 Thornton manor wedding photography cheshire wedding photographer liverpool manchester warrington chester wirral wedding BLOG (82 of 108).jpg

---

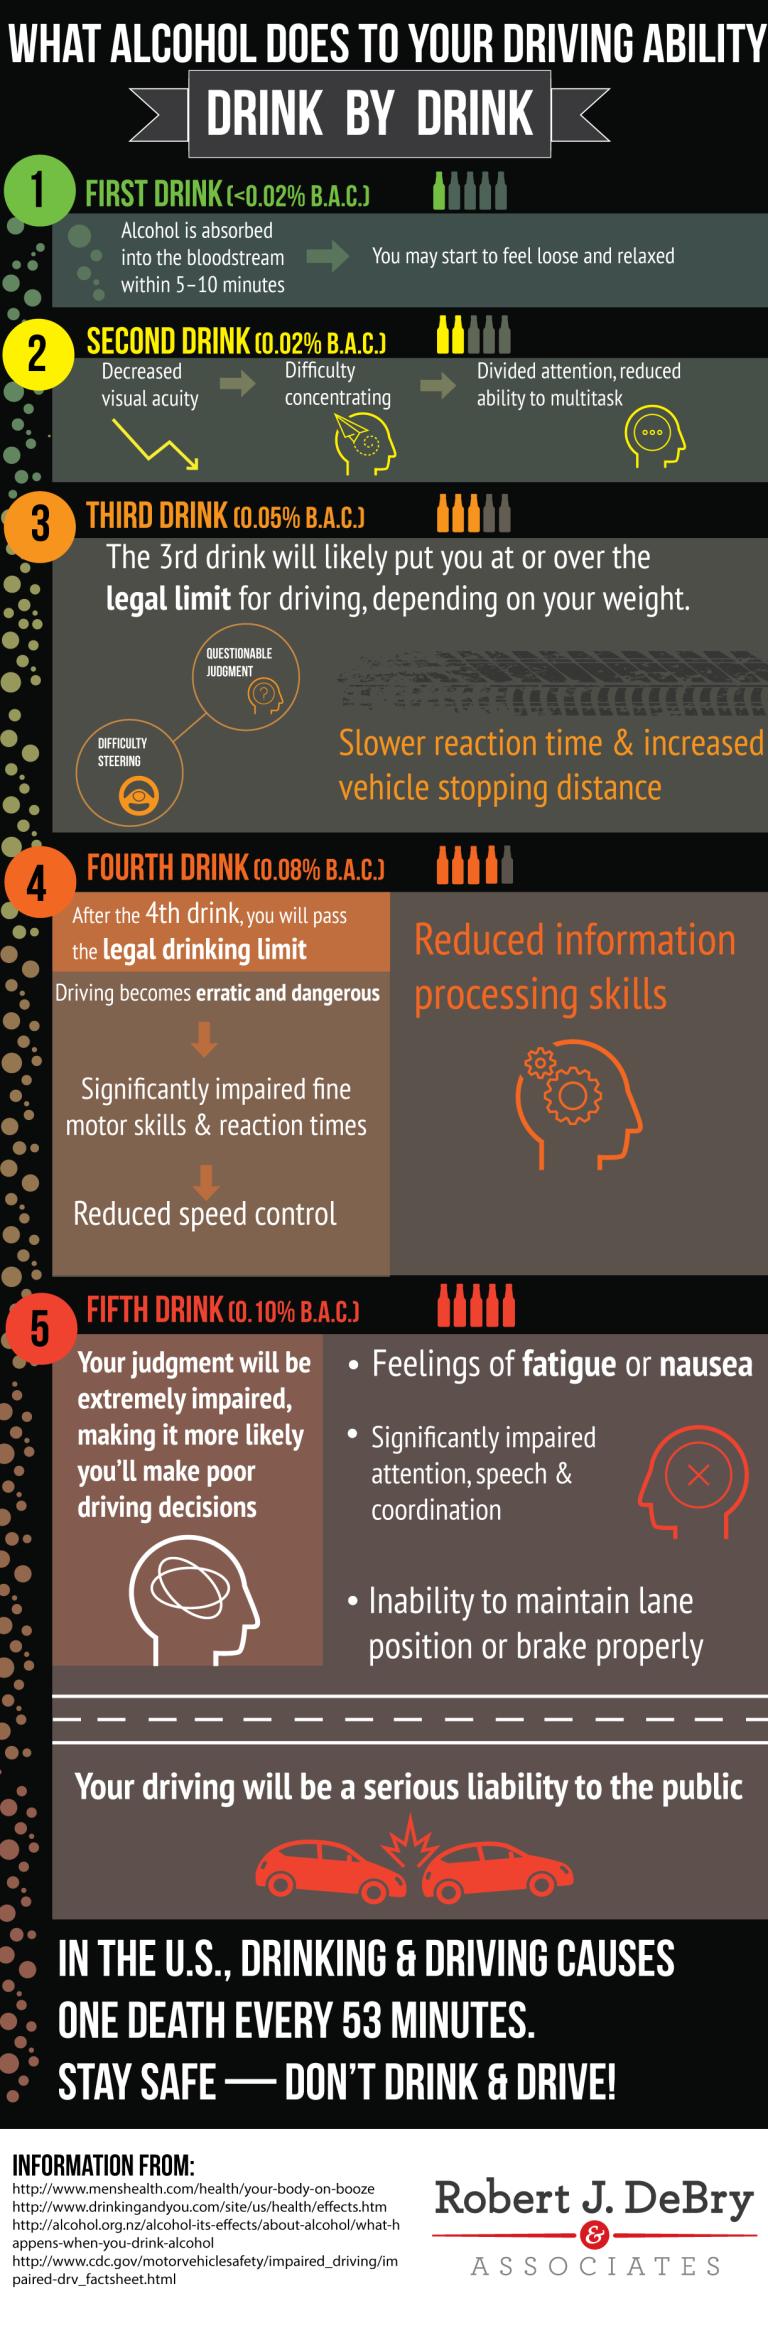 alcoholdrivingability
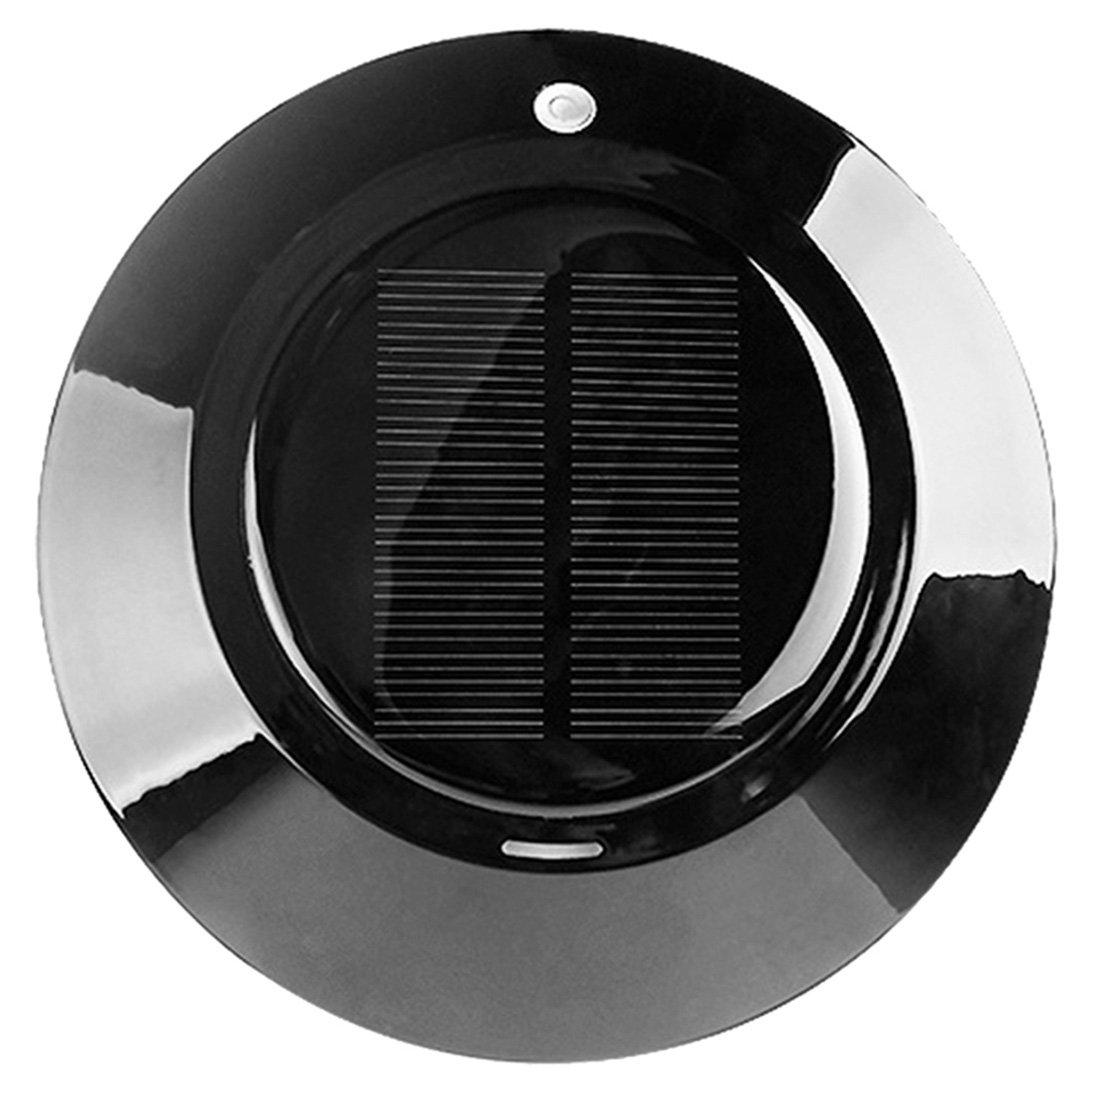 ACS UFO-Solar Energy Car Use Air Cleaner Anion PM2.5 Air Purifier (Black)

* * *

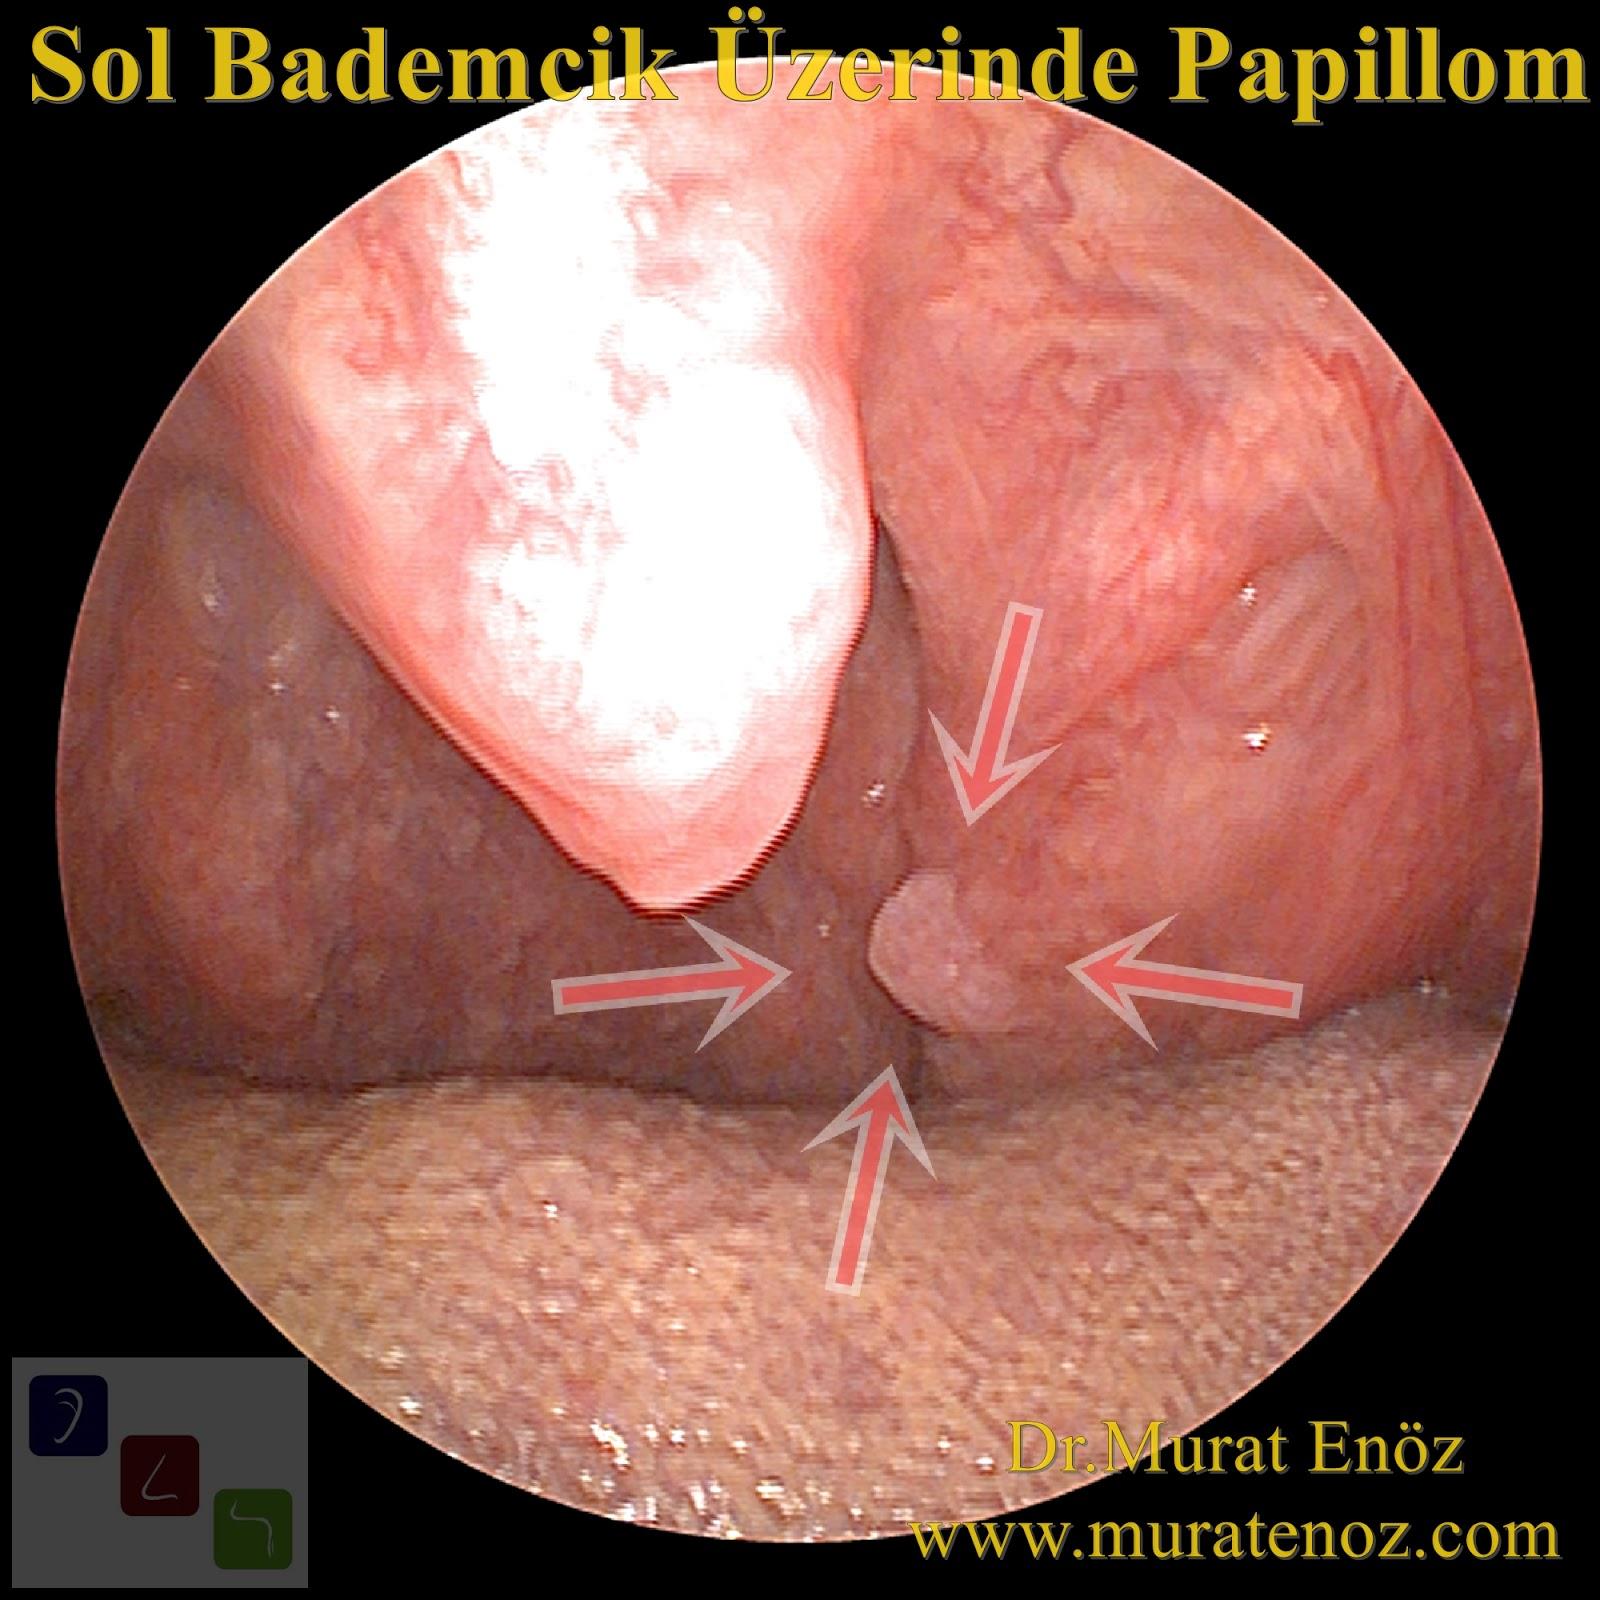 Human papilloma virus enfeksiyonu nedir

Work instruction: For this exercise, return exactly the lines above from the line with "alcoholdrivingability" through the line with "ACS UFO-Solar Energy", both included. Do not copy the pictures.

Solution to this problem:
 alcoholdrivingability
 ACS UFO-Solar Energy Car Use Air Cleaner Anion PM2.5 Air Purifier (Black)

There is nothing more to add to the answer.